# Wife going to strip club



## debatable (Jun 19, 2015)

Let me set the stage here:

My wife has been unemployed for the past year, and has struggled with serious depression (and refused to get any help for it). She has made no effort to try to get work, and instead sleeps all day, and is up all night, and has for all intents and purposes become a functioning alcoholic. I'm working tirelessly to try to make ends meet financially, while she doesn't lift a finger to help.

My wife's "best" friend, is a 25 year old lesbian.
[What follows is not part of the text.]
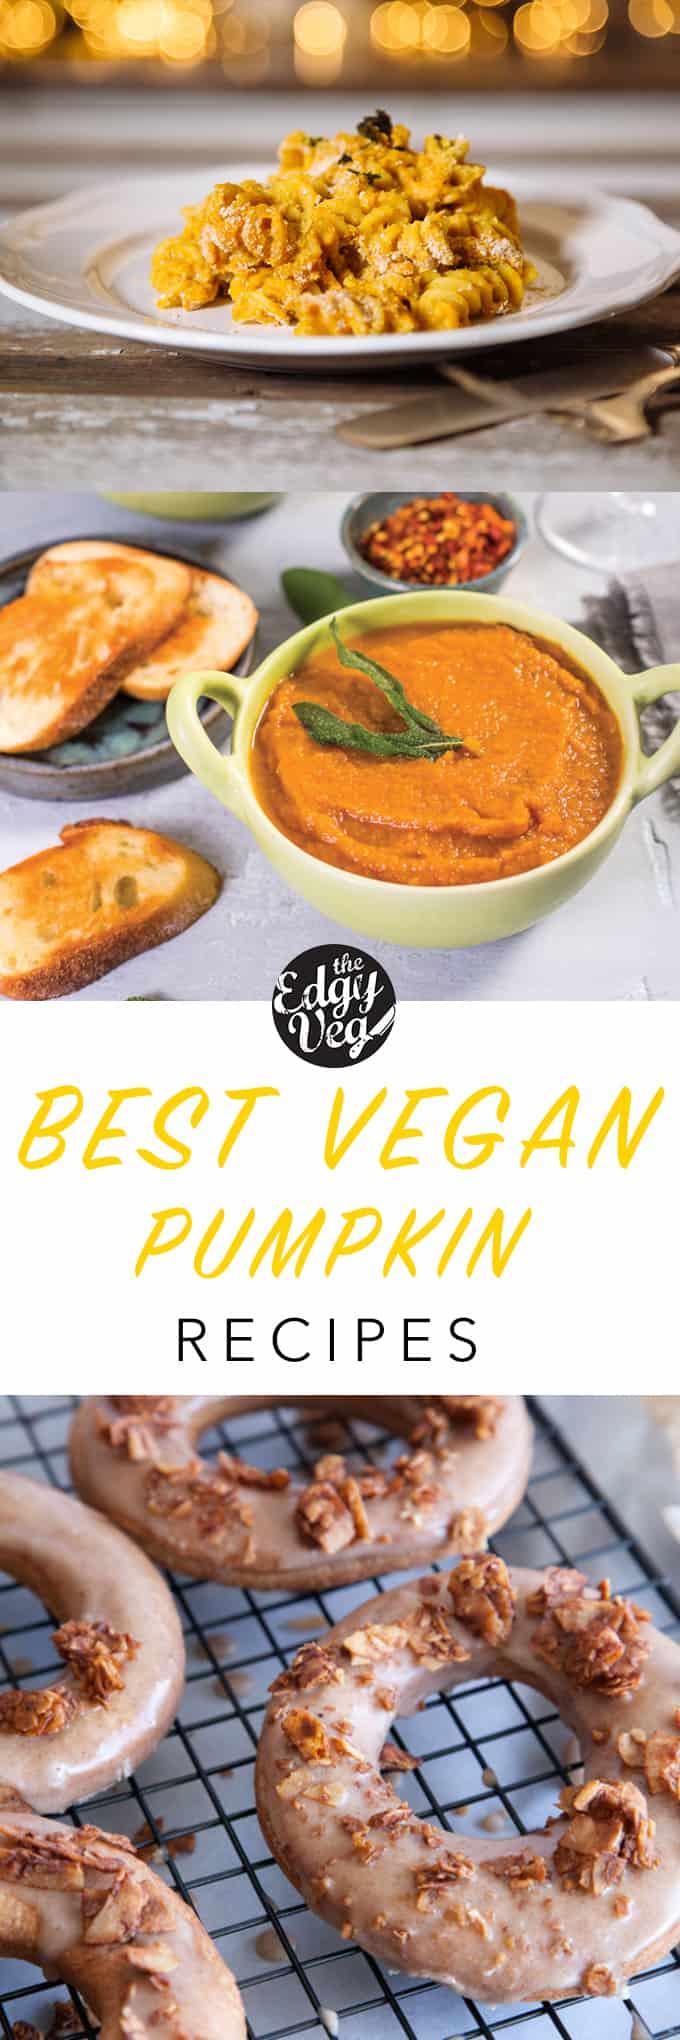 Edgy Veg pumpkin recipes

This past Friday, upon my showing up at the house after work, Chris arrived at our house, within an hour. Chris spent the night at our house in our spare bedroom on Friday night. Spent the night on Saturday night. Spent the night on Sunday night. All the while, she talked about how she was going to quit her job on Monday. I was seriously concerned that she had plans on just moving into my house, with no place else to go. I voiced my concerns to a friend of mine, who verbally slapped me across the face by saying, "How do you not see this? She already HAS moved into your house, and now you're supporting her too!"

Monday evening, after talking with my wife about the fact that Chris needed to go, Chris wound up leaving. However, my wife became furious that I had discussed the situation with a friend of mine. So because she was so mad, my wife wasn't home when I got home from work yesterday, and didn't come home until the early hours of the morning (around 2 AM). When I pulled up the bank account, I see that she and Chris had gone to a local strip club together. 

Here's my concern:

1. Chris' "thing" is to try to get with married women. She regularly speaks of her "conquests" and I'm genuinely concerned that she has set her sights on my wife.

2. I don't necessarily have a problem with a "girls night out" or even going to the strip club for that matter. Where it bothers me is going under anger, and going specifically because you're upset with me.

How should I respond to this (if at all)? At this point, my wife doesn't know that I'm aware that they went to the strip club last night.


----------



## Marc878 (Aug 26, 2015)

You need to take control of your life. You are the problem here. Your wife is secondary.


----------



## TAMAT (Jun 20, 2015)

Debateable,

If a guy took your W to a strip club you would beat him down and bust him to his wife.

Find out the identities of all these married ladies this woman has slept with and bust them to their husbands.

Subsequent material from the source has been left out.